Так что я взялся за так называемую «малую механизацию» и, параллельно, за улучшение бытовых условий. Начал с самого простого, с того, что лежало на поверхности, — с шанцевого инструмента. Я сел, прикинул, набросал эскизик. Ничего сверхъестественного, никакой высшей математики: лезвие — из хорошей, упругой стали (Тимофей уже наловчился такую делать для пружин к фузейным замкам), чуть вогнутое, для удобства, с хорошо заостренным рабочим краем. Черенок — из легкого, но прочного дерева, хорошо оструганный и подогнанный, с удобным Т-образным хватом на конце. Получилась в итоге легкая, на удивление прочная и, как тогда говаривали, «ухватистая» саперная лопатка. Первую партию, штук двадцать, мы с Тимофеем и моими ребятами-учениками смастерили сами, в кузне и столярке, в качестве наглядного образца (как потом я узнал, цена за это изделие была чуть ли не с четверть фузеи). А потом я отнес чертежи и готовые образцы полковнику Шлаттеру, с подробным описанием, как и из чего их делать, и с экономическим обоснованием, не поленился. Объяснил ему на пальцах, что такие вот «улучшенные» лопатки солдатам в поле пригодятся, редуты строить, на любых строительных работах производительность труда повысят в разы, а то и на порядок. Шлаттер, поворчал для порядка, мол, «опять этот Смирнов со своими прожектами», но идею одобрил — экономия казенных сил и средств ему, как рачительному хозяину (хоть и себе на уме), тоже была не чужда (и это несмотря на огромную цену — наверное Государь дал особое указание на мои хотелки, иначе не могу объяснить). И вскоре на Охте, а потом, я слышал, и на других казенных стройках, появились мои «смирновские» лопатки. Мелочь, казалось бы, пустяк, а сколько сил и времени человеческого она сэкономила — уму непостижимо!
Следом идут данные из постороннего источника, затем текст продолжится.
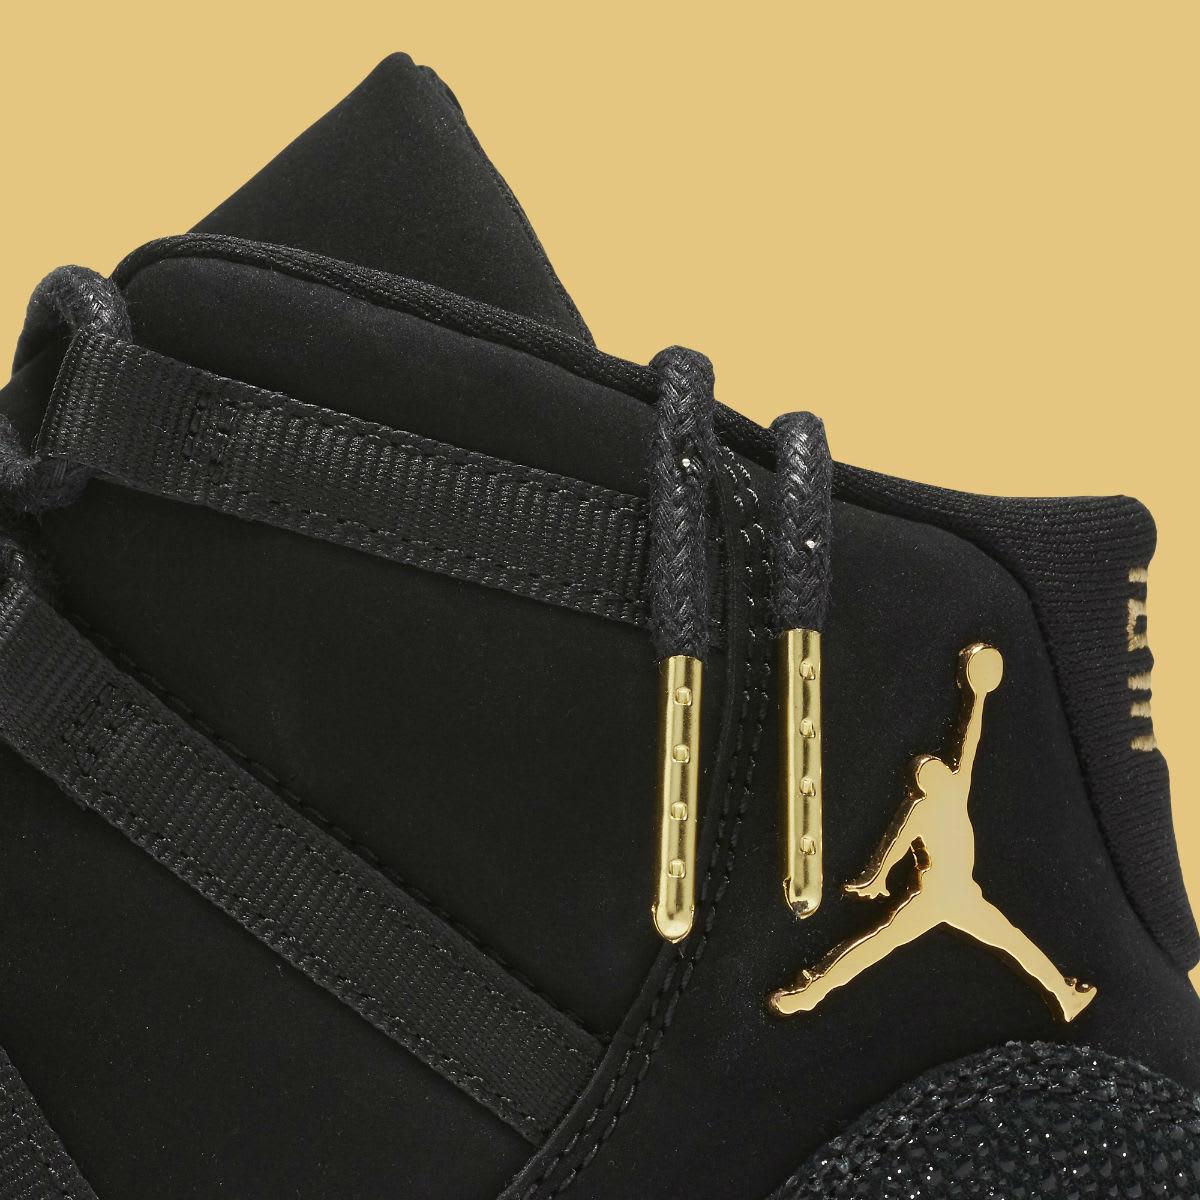 Air Jordan 11 XI Heiress Black Release Date 852625-030 Laces

Потом я взялся за тачки. То, на чем тут землю, камни да прочие сыпучие материалы возили, тачкой-то назвать язык не поворачивался. Скорее, какое-то допотопное корыто на двух неуклюжих, скрипучих деревянных колесах, которое приходилось тащить вдвоем, а то и втроем, надрывая жилы и проклиная все на свете. Я тут же вспомнил наши обычные садовые тачки из двадцать первого века — одно колесо, легкий, но вместительный кузов, удобные длинные ручки для упора. Снова набросал чертеж, отдал заводским плотникам. Те почесали в затылках, подивились «заморской хитрости», но сделали несколько штук на пробу. И что вы думаете? Один человек теперь мог играючи увезти столько же, сколько раньше трое с матом и потом! Да еще и маневренность какая у этой одноколесной «диковинки»! Солдатики и работяги сначала с большим недоверием косились на эти мои тачки, обходили их стороной, а потом, когда распробовали и поняли, насколько они удобнее и легче в работе, — так уже за ними в очередь становились.
А для самых тяжелых грузов — валунов для фундамента, толстенных бревен для перекрытий, чугунных отливок для пушек — я приспособил простейшие рычажные подъемники. Обычный ворот с рукоятками, несколько прочных блоков, закрепленных на треноге или на балке, да крепкая пеньковая веревка — и вот уже пяток мужиков, не особо напрягаясь, легко поднимают то, что раньше и двадцати здоровым лбам было не под силу. Это вам не египетские пирамиды строить, тут все на чистой науке основано, на законах механики, которые я еще в школе на уроках физики проходил. Просто, дешево и сердито. А главное — эффективно!